What I learned we need as a member of the National Blue Cross Advisory Board and a stint on the medical manpower commission of DHHS, many years ago:

--better wages and training for administrative employees,
--reduced workloads,
--increased student subsidy of nursing, tech and medical education,
--eliminate the insurance companies at the community level in a quasi-public, quasi-private single payor system,
--finance in part through industry sector coops,
--end of for-profit hospitals and insurance companies,
--end of parallel systems, such as the workers' comp mess,
--strong community control with LIMITED federal involvement of entire healthcare system [end self-perpetuating boards!!]
Shel Samuels

1:21 PM  
Anonymous Dr. Rick Lippin said...

Thanks Shel- Among the many issues you raise, the health of health care workers is a topic of interest we especially share as Occupational Health professionals.

I cannot fathom how health care leaders can live with the hypocrisy of poor wages,poor benefits,poor working conditions and subsequent poor health of hospital employees.

I say Medicine needs to "heal from within" and start by giving decent wages, benefits and working conditions to all health care workers.

Thanks again for the comments

Rick Lippin

4:58 PM  
Blogger Mrs. Kramer said...

What Do You Want From Your Hospital* you ask?

Medical treatment based on the physician's opinion of what the patient needs, rather than what the insurance industry dictates that the physician's opinion must be.

To quote a friend:

"Mandated, insurance sponsored, treatment guidelines limit patient access to
appropriate health care and cause the financial burden of sick and injured to shift onto state and federal disability programs. This allows the carriers to increase profits at the expense of the sick, the injured and the American taxpayer."

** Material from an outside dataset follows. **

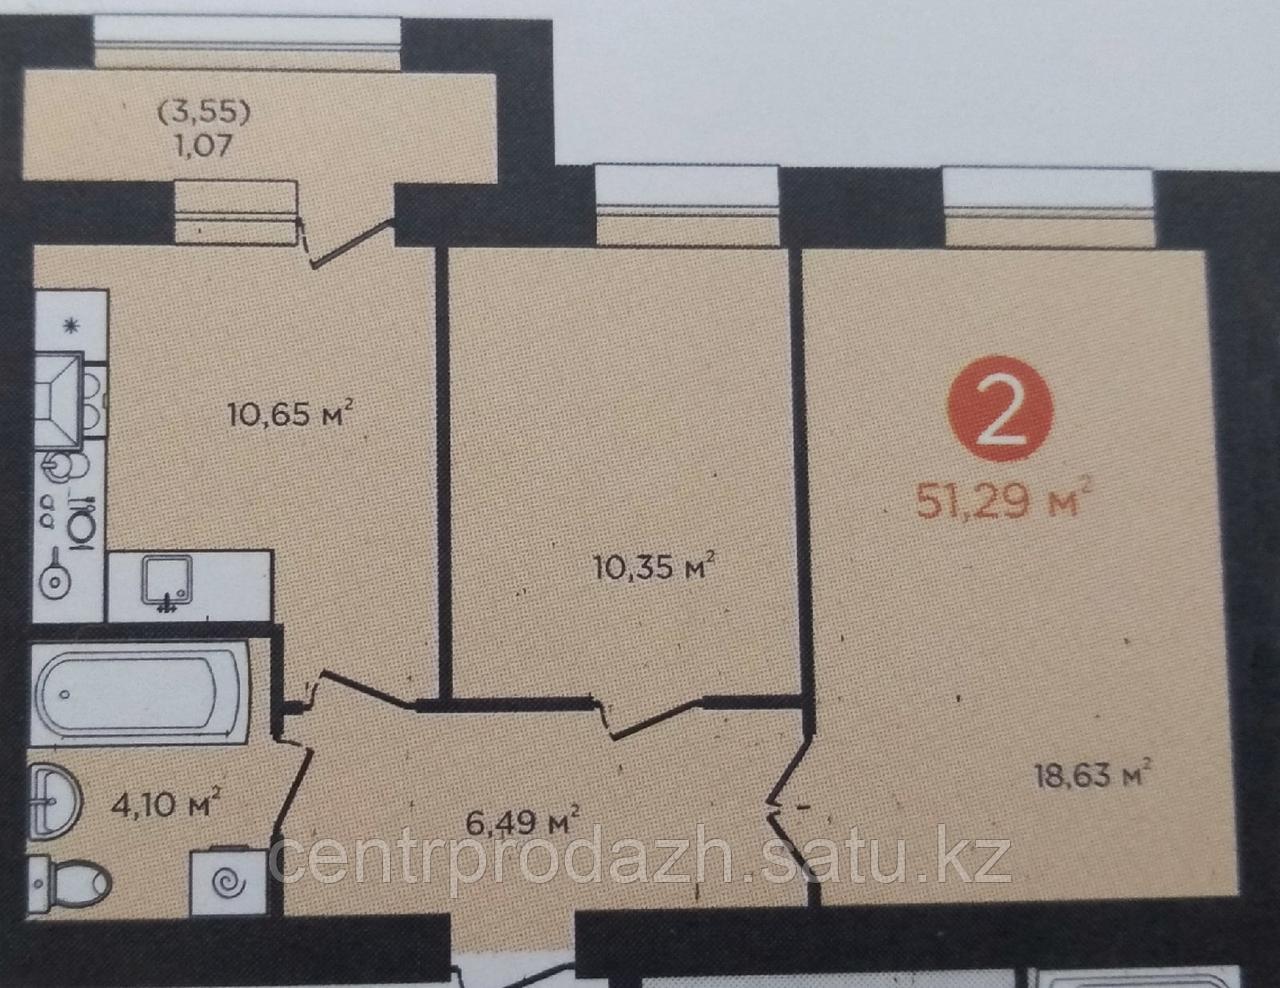 2 комнатная квартира в ЖК Aru Qala 51.29 м²

Hospitals are broke. Patients are broke. State and Federal disability programs are broke. So let's see, where did all the money go?

5:19 PM  
Anonymous Dr. Rick Lippin said...


Thanks for your insightful comments.In my opinion there needs to be some methods of reducing expenditures in medicine. My "favorite" example is the cruel and inhumane prolongation of death?

But you ask-"Where has all the money gone?" To a few CEOs of the Hospital, Insurance, and Big Pharma/Big Medical Technology industries. And of course to greedy doctors and lawyers.

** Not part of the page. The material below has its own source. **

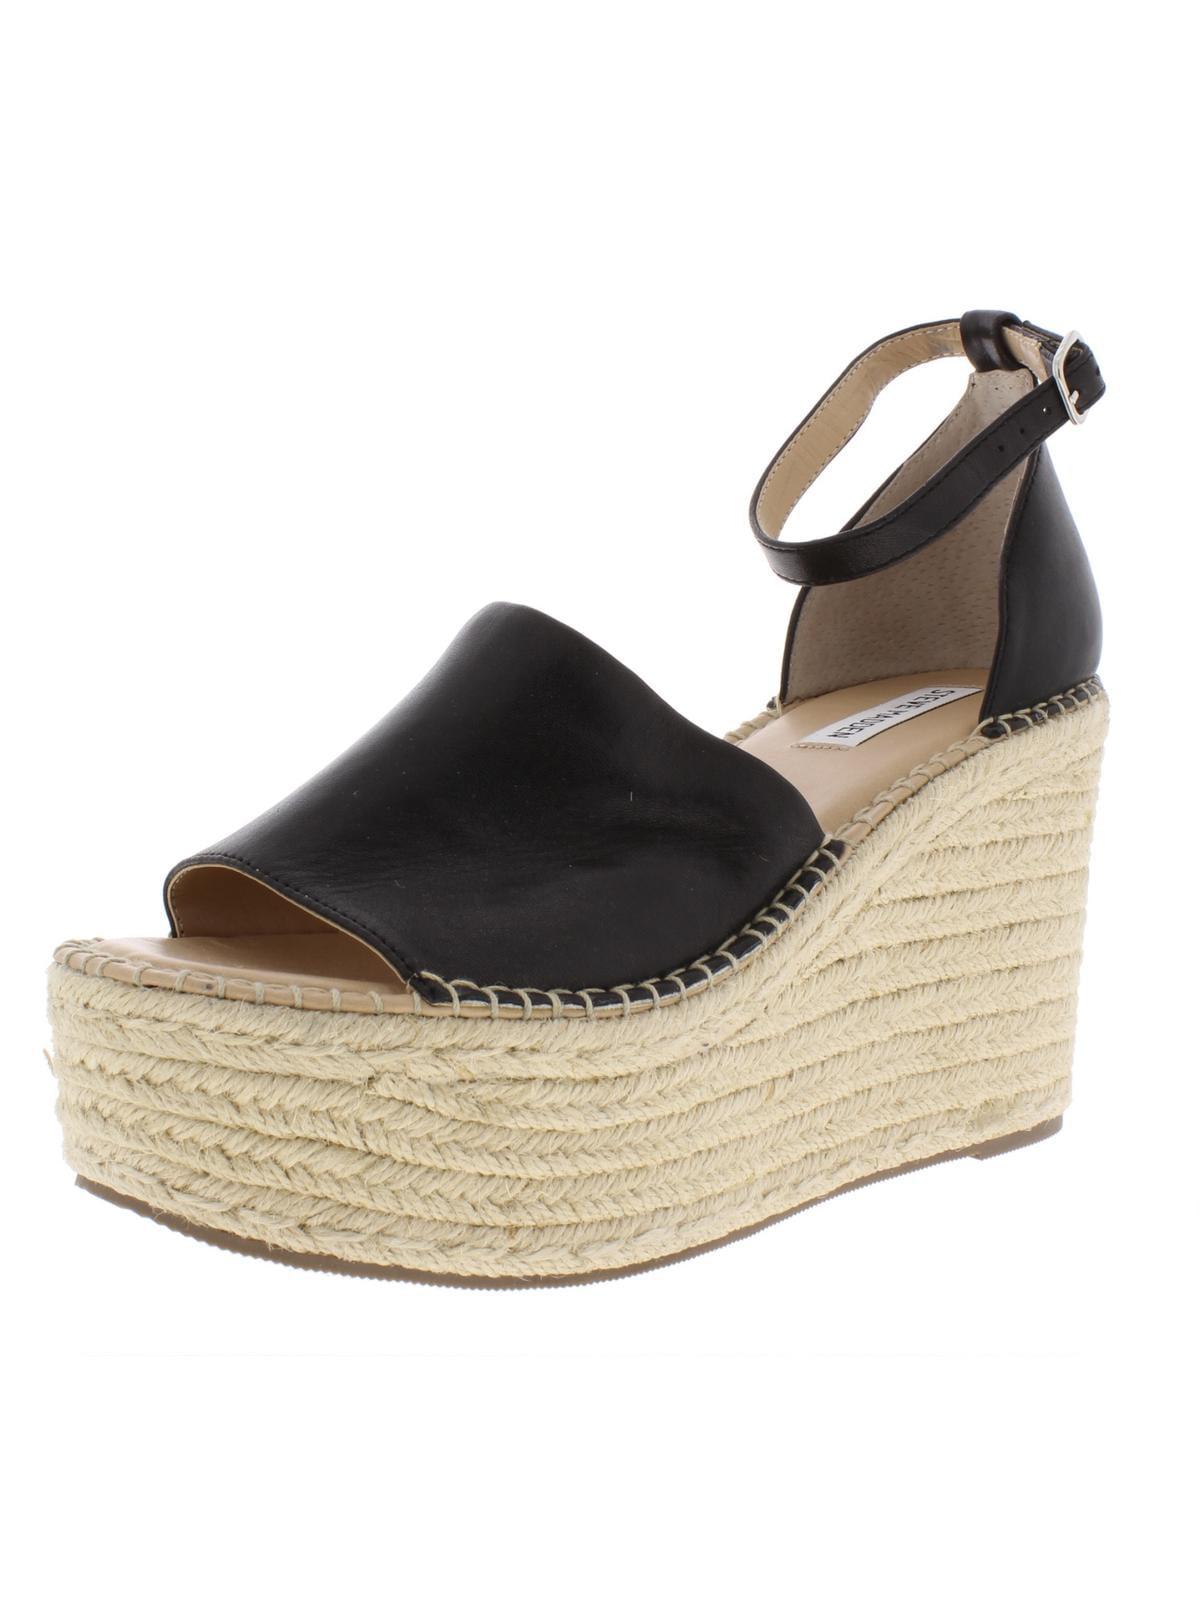 Steve Madden Womens Sway Leather Espadrilles Platform Sandals

With the election of Nov 06- "changes are a-comin"

My very best to you

Dr. Rick Lippin

6:00 AM  
Blogger universal health said...

Your points are well taken. But there seems to be a small oversight - no mention of professional nursing in your analyses of healthcare problems. Nurses are not furniture and interchangable widgets in the healthcare system. Rather, they are the spine and skeleton by which the entire non-system system builds upon.

I blog at Universal Health attempting to bring nursing issues to light and to posit some alternatives which include nurses in the equation. I hope you'll visit and critique.

7:39 PM  
Anonymous Dr. Rick Lippin said...

Thanks Universal Health- I am appalled at what has happenned to the so called profession of Nursing in contemporary US Medicine.I am disgusted with what modern medicine has done to the health of Nurses.